- - - -- - - -- - - -- - - -- - - -- - - -Jornal do Commercio - Recife, 23 de dezembro de 1998

HARDWARE VI
O lado ruim: a LER como efeito

Elas são consideradas doenças do mundo contemporâneo, devido à modernização e automatização dos locais de trabalho. As antigas Lesões por Esforço Repetitivo (L.E.R.) hoje são chamadas de Disfunções Osteomusculares Relacionadas ao Trabalho, ou DORT. A mudança de nome deve-se à principal característica das DORTs, o desequilíbrio no uso dos tendões e articulações.

"Mudou-se o nome porque a lesão não existe de fato. O que acontece é o excesso de movimentos repetidamente. Disfunção é um termo mais exato", explica o médico Guilherme Cerqueira, ortopedista há 17 anos. Qualquer pessoa que exerça um movimento contínuo, preciso e repetitivo está sujeito a sofrer de alguma DORT. Elas ocorrem com maior freqüência entre caixas de banco e supermercado, músicos, dentistas, escriturários e informatas. Nestes últimos, o teclado não é a causa única das DORTs.

O uso excessivo do mouse também pode contribuir para o desenvolvimento das doenças, já que o equipamento concentra suas ações a partir do movimento repetido de dois dedos - os modelos ergonômicos ajudam a minimizar esses efeitos. Como envolvem uma atividade profissional, as DORTs são consideradas doenças do trabalho, por serem provocadas em locais pouco estruturados e com equipamento inadequado para a realização das tarefas.

O crescimento da incidência dos DORT tem gerado também um maior interesse em sua origem, causas e possíveis soluções. Nos Estados Unidos, as indenizações e compensações financeiras variam entre US$ 3.500,00 a US$ 35.000,00 por caso. A maioria dos pacientes das DORTs está na fase mais produtiva de suas carreiras, entre os 25 e 35 anos de idade.

Dos vinte pacientes que Guilherme Cerqueira atende diariamente em seu consultório, 20% são vítimas das DORTs. "As firmas têm começado a tratar, realmente, seus funcionários, pois acabam sendo prejudicadas com as faltas e a queda da produtividade", comenta o médico.

As grandes causas para as DORT são duas, além da repetição de tarefas: força excessiva e postura incorreta. Os sintomas mais característicos são dores provenientes de inflamações das estruturas ósseas, músculos ou tendões, podendo até serem fruto, em casos extremos, de compressão de nervos. "Elas não chegam a atingir a estrutura do osso, a não ser quando começam a incomodar a coluna", afirma Cerqueira.

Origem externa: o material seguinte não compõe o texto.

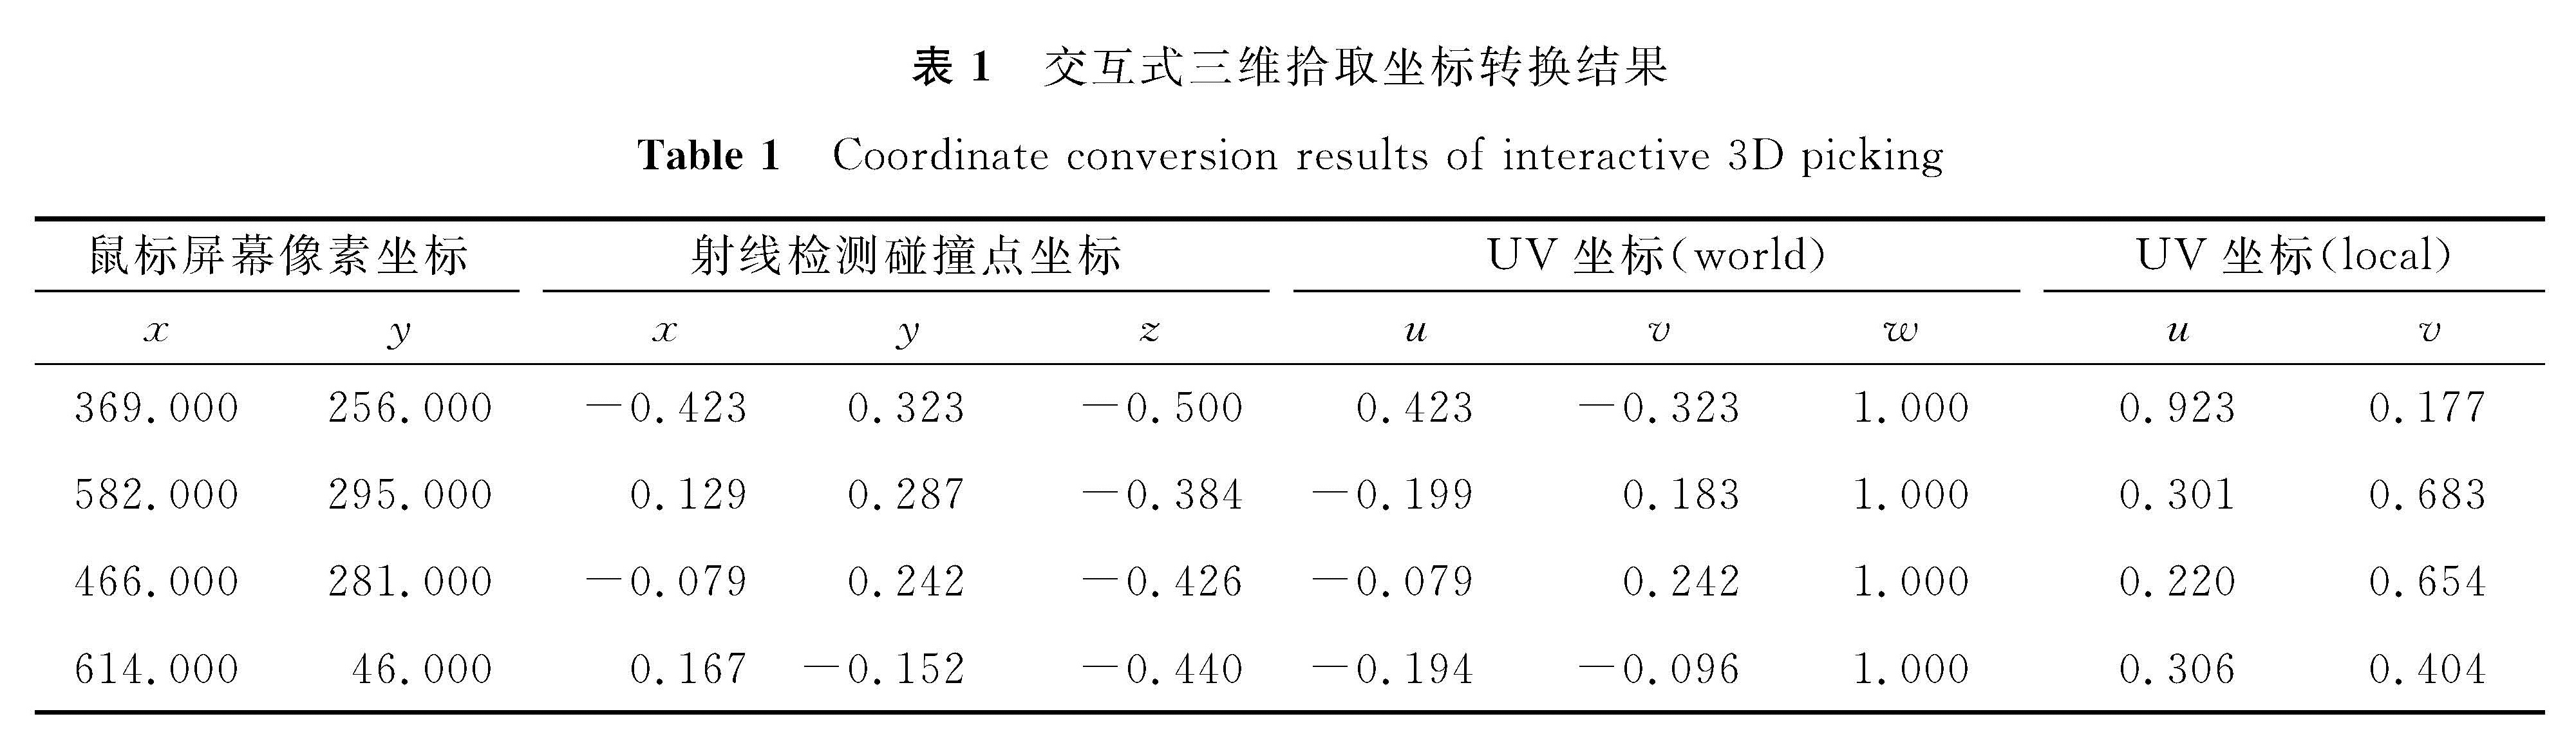 表1 交互式三维拾取坐标转换结果<br/>Table 1 Coordinate conversion results of interactive 3D picking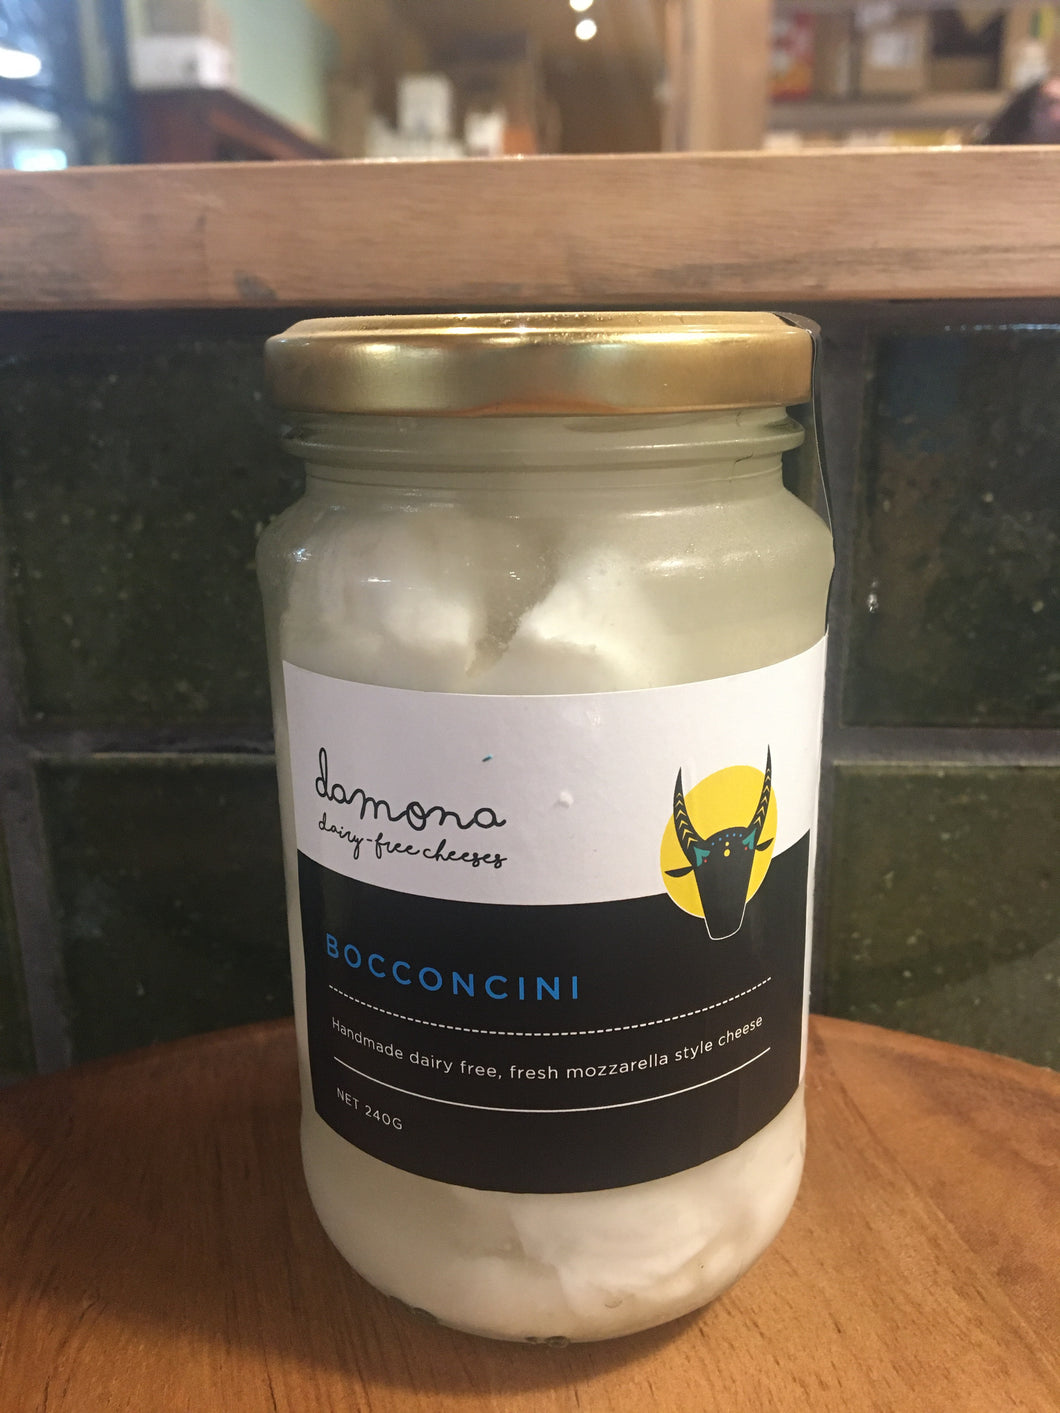 Damona Dairy Free Bocconcini 240g

O tratamento para as DORTs envolve elementos químicos, os anti-inflamatórios, e exercícios físicos, representados pela fisioterapia. "Movimentar o corpo é fundamental para quem quer se curar, ou pelo menos aliviar suas dores", esclarece Paula Asfora, fisioterapeuta há dez anos na clínica FisioForma. Por dia, 160 pessoas passam pela clínica e desses, pelo menos 30% estão em tratamento de DORTs. Paula Asfora explica: "De acordo com cada caso montamos a grade de exercícios. Geralmente são sessões diárias de 50 minutos, onde a potência depende do grau de inflamação de cada paciente".

O tratamento dá bons resultados segundo muitos pacientes. Sheila Comber, 43, presta assessoria a empresas em engenharia de qualidade, e está agora se recuperando de uma tendinite nos pulsos: "Essa minha dor começava no meio do polegar e ia até o braço, e se alguem me tocava no braço eu sentia como se fosse um choque elétrico indo do pulso ao polegar."

Sheila teve que interromper sua rotina de trabalho porque não podia dirigir, digitar ou usar o mouse sem sentir dor. Osmédicos que lhe receitaram usar uma digitala, que imobiliza os pulsos mas permite o uso das mãos, e até engessaram seus antebraços, sem que a dor fosse embora definitivamente.

Mas depois do tratamento com anti-inflamatórios e fisioterapia diária, que incluiu exercícios de alongamento, uso de ultrassom e ondas curtas, seus pulsos voltaram ao normal. "Já voltei a trabalhar e vou até encarar uma ginástica", disse.